The same is true of your other thread where you're having a stroke over a driver's simple brain-fart which caused no inconvenience or danger to you. Both threads are nothing-burgers.

The only explanation I can think of is you are trying to generate clicks on your YouTube channel.

If you are _actually_ this concerned about the driving shown in the two videos you have posted here, you are going to have a very difficult time with rideshare driving!


----------



## Wraiththe (Nov 26, 2017)

All this crap for 15 seconds of inconvenience. So the guy on the bike was a bit inconsiderate for not moving over. So he did not use hand signals. Share the road. Move on. Jeeze. Now had it been a 1 mile + stretch, that is another story.


----------



## ECOMCON (Dec 30, 2018)

Wraiththe said:


> All this crap for 15 seconds of inconvenience. So the guy on the bike was a bit inconsiderate for not moving over. So he did not use hand signals. Share the road. Move on. Jeeze. Now had it been a 1 mile + stretch, that is another story.


Wraiththe, Stop with the
Logic
And reasonable mature attitude

this is UP.net! Damn It,
Where the inmates Run the Asylum​


----------



## MacAngus (Feb 22, 2018)

JimKE said:


> ^^^^^^^^^^^^^^^^^^THIS^^^^^^^^^^^^^^^^^


You should read the latter part of #3 above where it talks about *"sub-standard width lanes" *being an _*exception*_ to the general practice of moving to the right. The very short stretch of road you were on is clearly too narrow for a car to pass that bicycle safely[/QUOTE]

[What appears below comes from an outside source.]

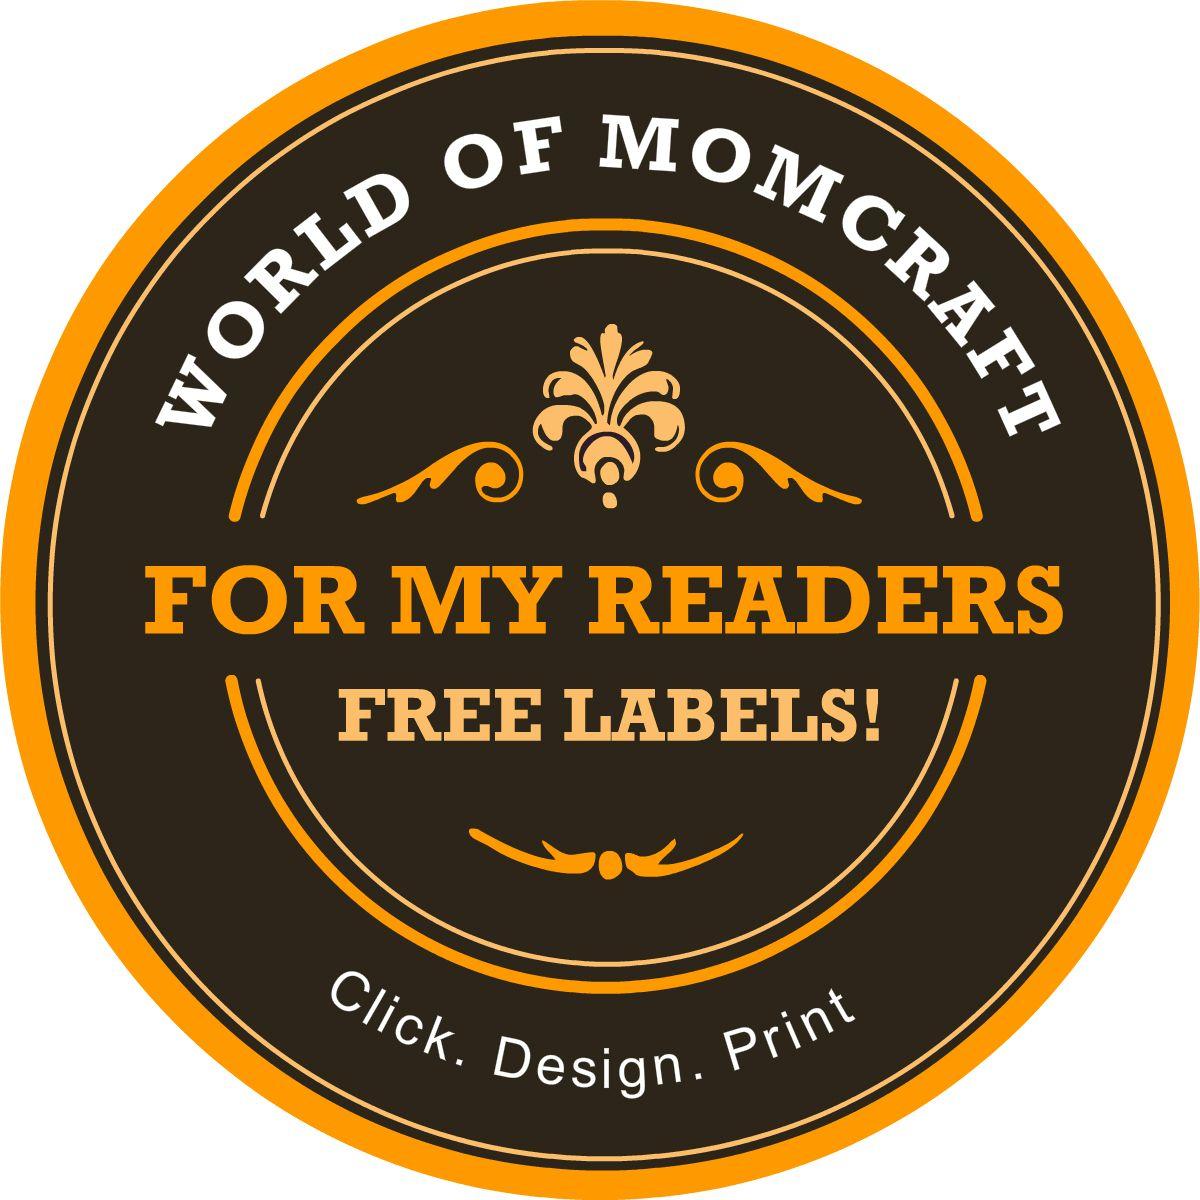 free custom mason jar label maker world of momcraft With jar label maker online free
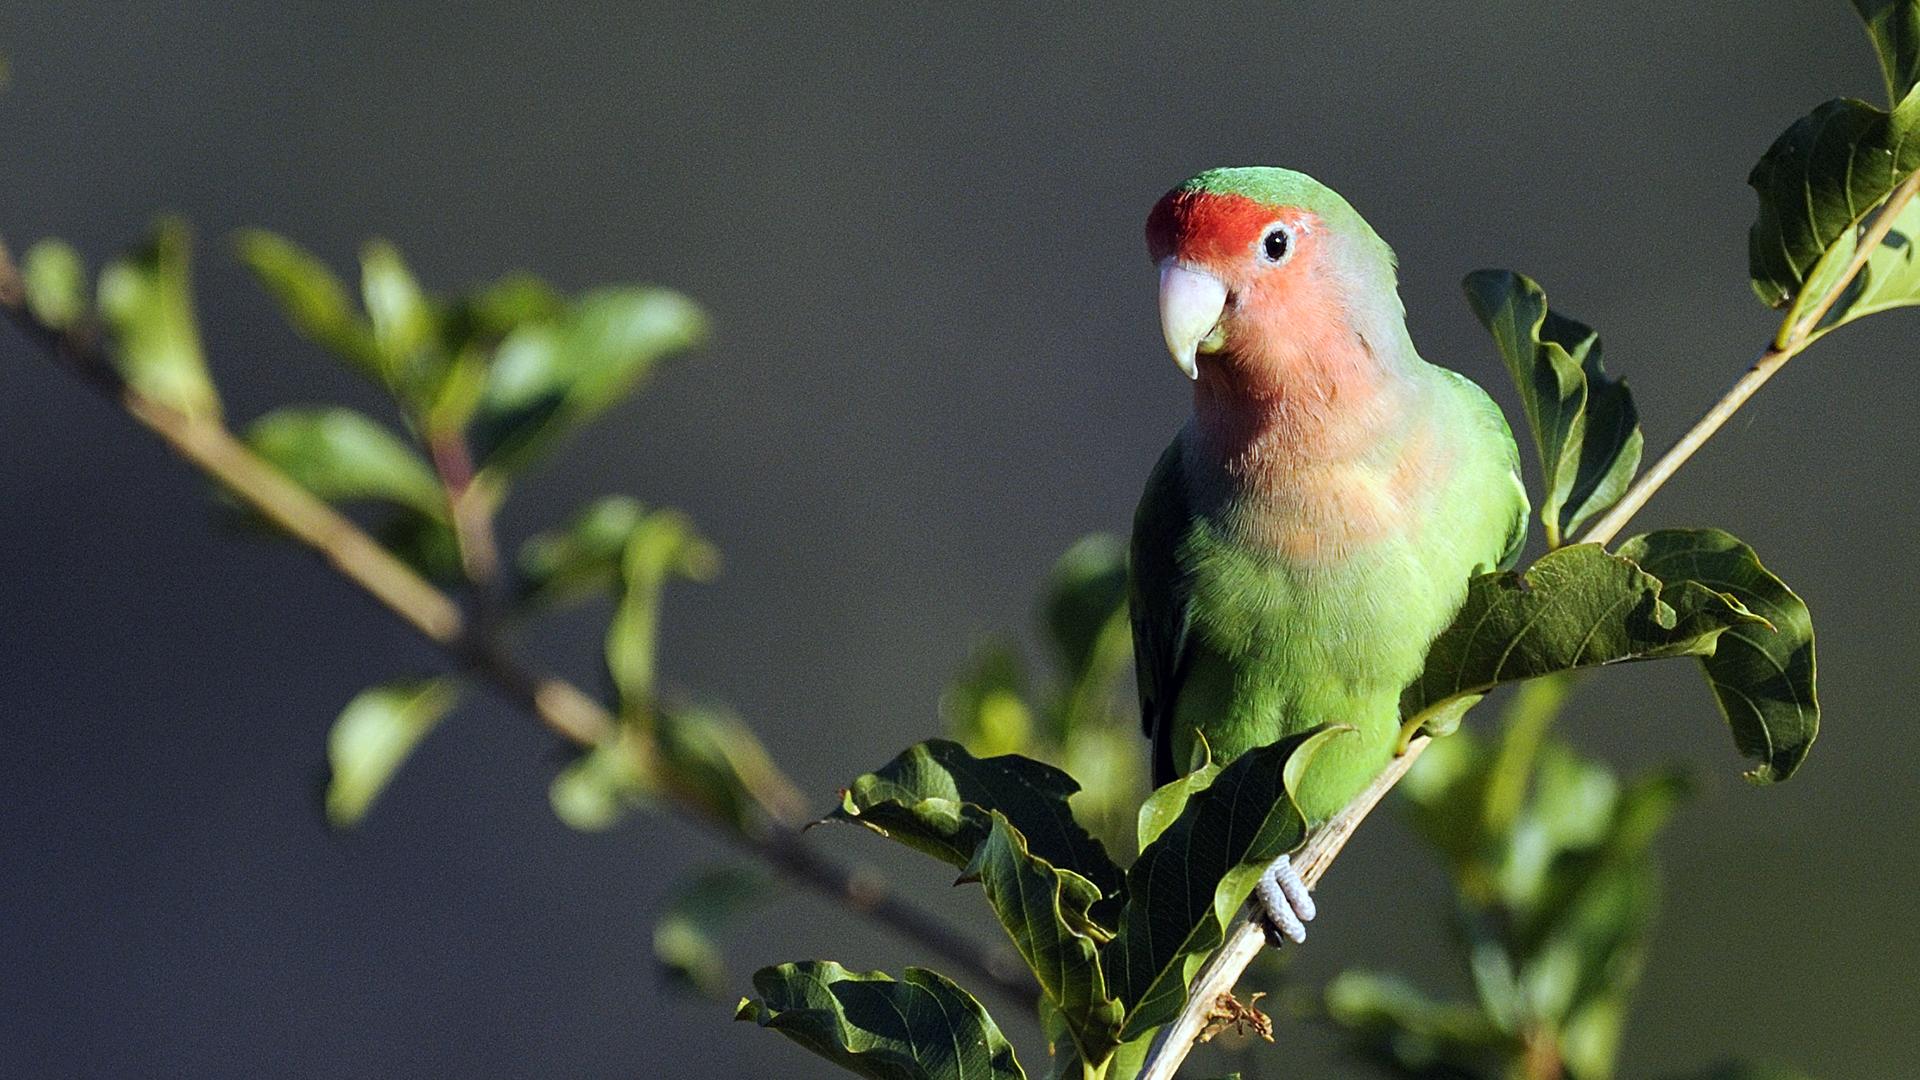 Lovebird Suara Gacor Disukai Penggemar Burung Kicau

You should read the entirety of 3 which starts with *"when reasonably necessary to avoid any condition or potential conflict"* And the definition of what constitutes a sub-standard width lane: *"For the purposes of this subsection, a "substandard-width lane" is a lane that is too narrow for a bicycle and another vehicle to travel safely side by side within the lane."* Being the person who was actually there, there was plenty of space for the cyclist keep to the right.


----------



## merryon2nd (Aug 31, 2016)

All in all, if a cyclist wants to die, they should just get drunk and try that crap DTS where I see a cyclist a day taken to Cape Regional because they thought "this street is ALL MINE MINE I TELL YOU" and cut off the wrong driver.

The cyclist was being stupid, and THEN, when someone got his attention to correct it, he then proceeded to antagonize someone sitting in a few tons of movable metal. Which adds to the 'how did this guy live to after puberty' factor.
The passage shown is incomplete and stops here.